- _DATA EXCERPT_:
+ + + + + + +
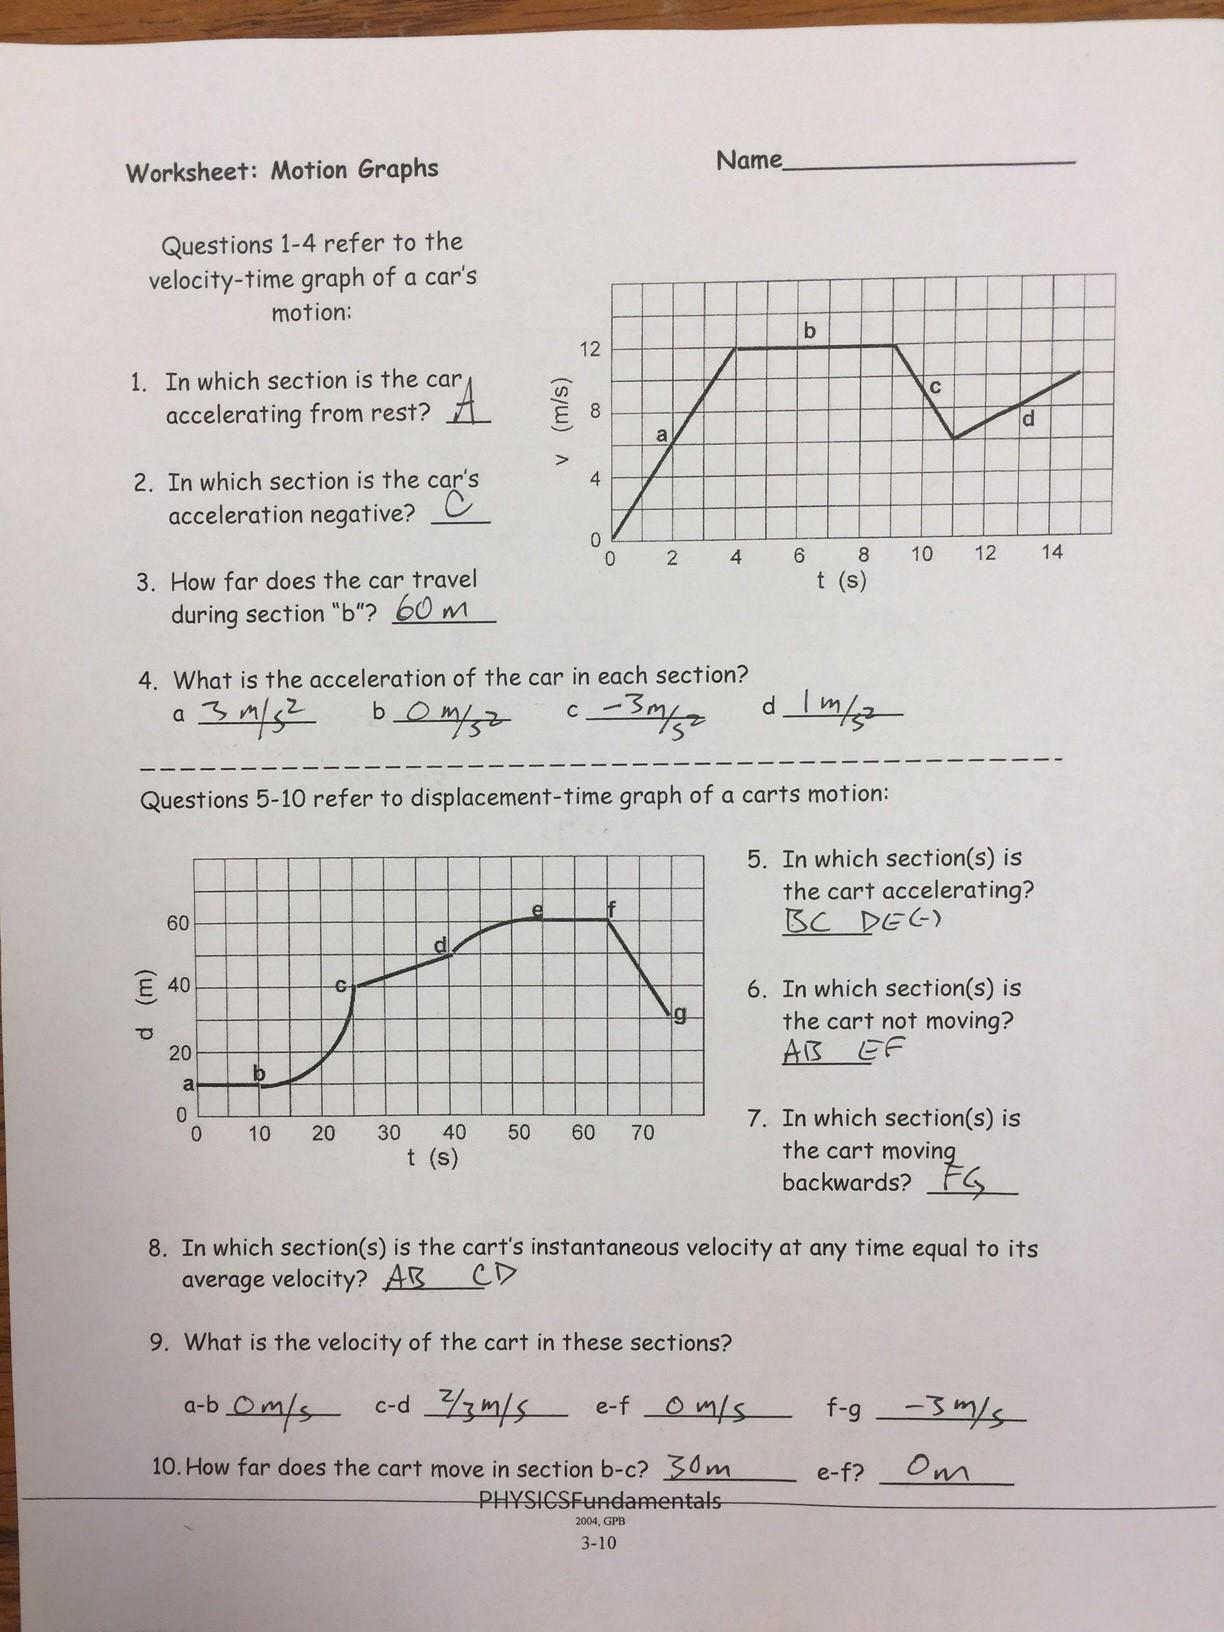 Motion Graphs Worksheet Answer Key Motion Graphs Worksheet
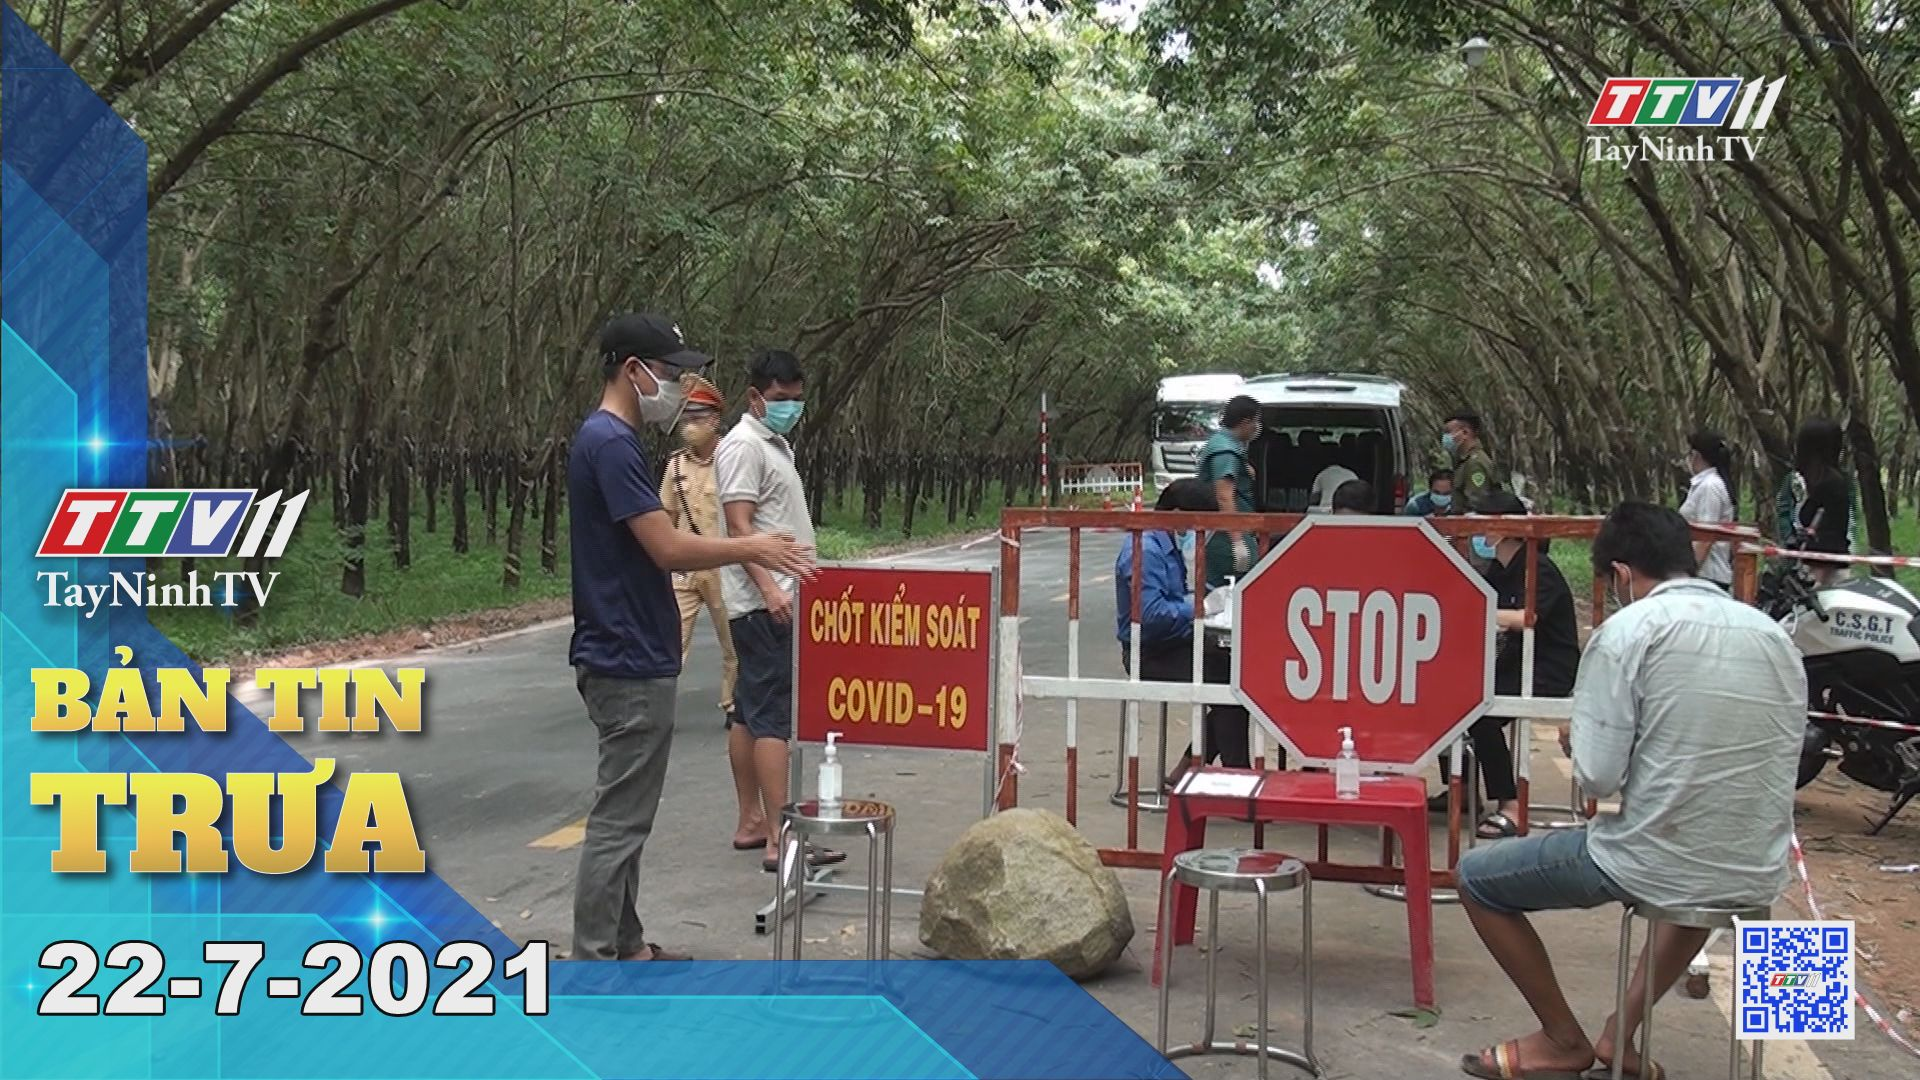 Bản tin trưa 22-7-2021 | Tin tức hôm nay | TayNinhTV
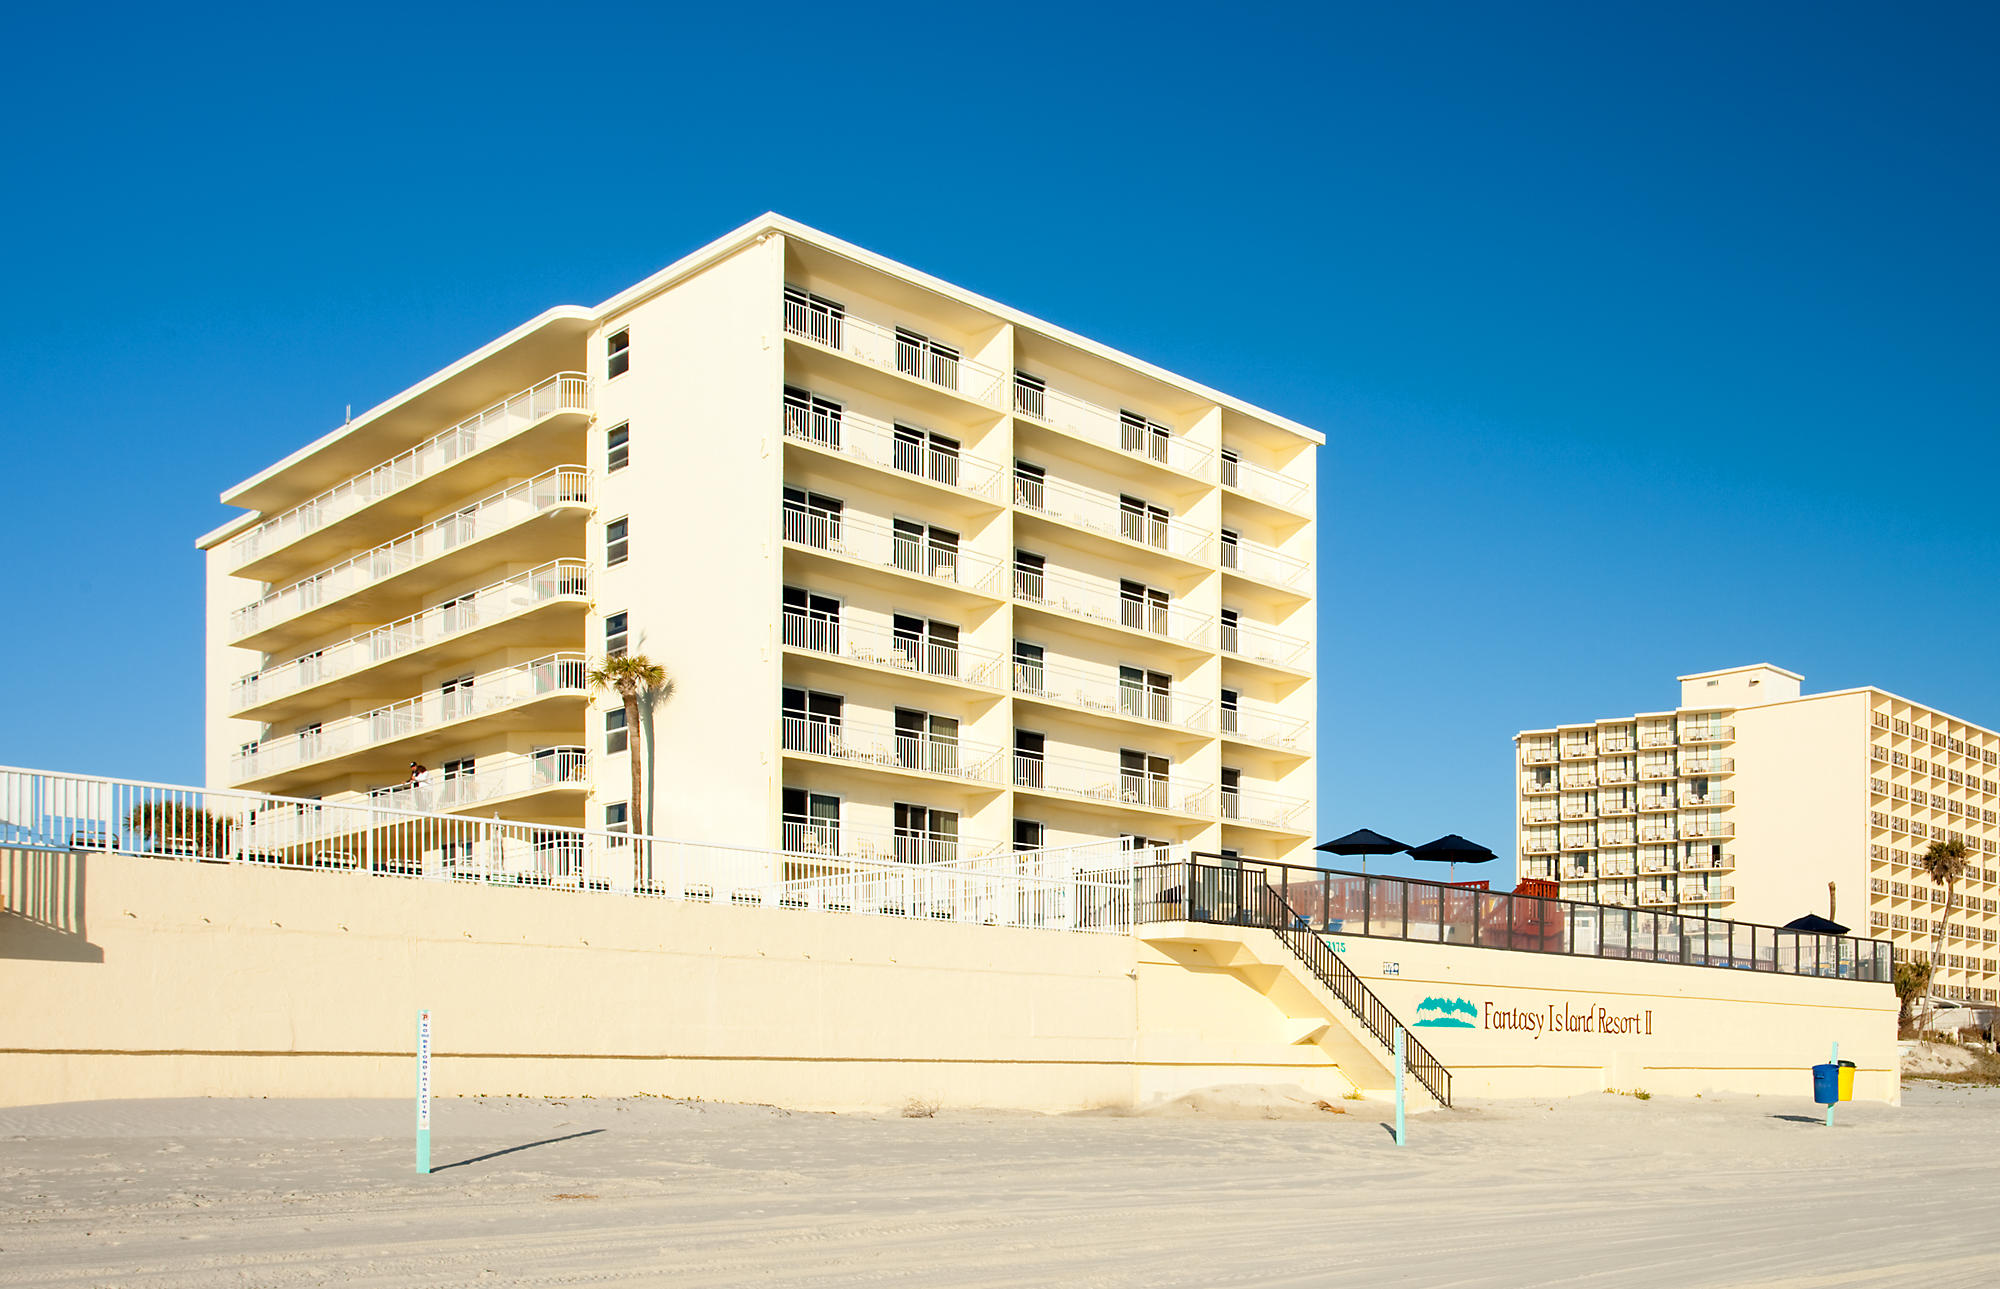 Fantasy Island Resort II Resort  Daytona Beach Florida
+ + + + + + +
- _WHAT YOU NEED TO DO_: Could you repeat word for word only the lines from the one that contains "Bản tin trưa" through the end of the listing, leaving out the pictures?

- _SOLUTION_:
 Bản tin trưa 22-7-2021 | Tin tức hôm nay | TayNinhTV
 Fantasy Island Resort II Resort  Daytona Beach Florida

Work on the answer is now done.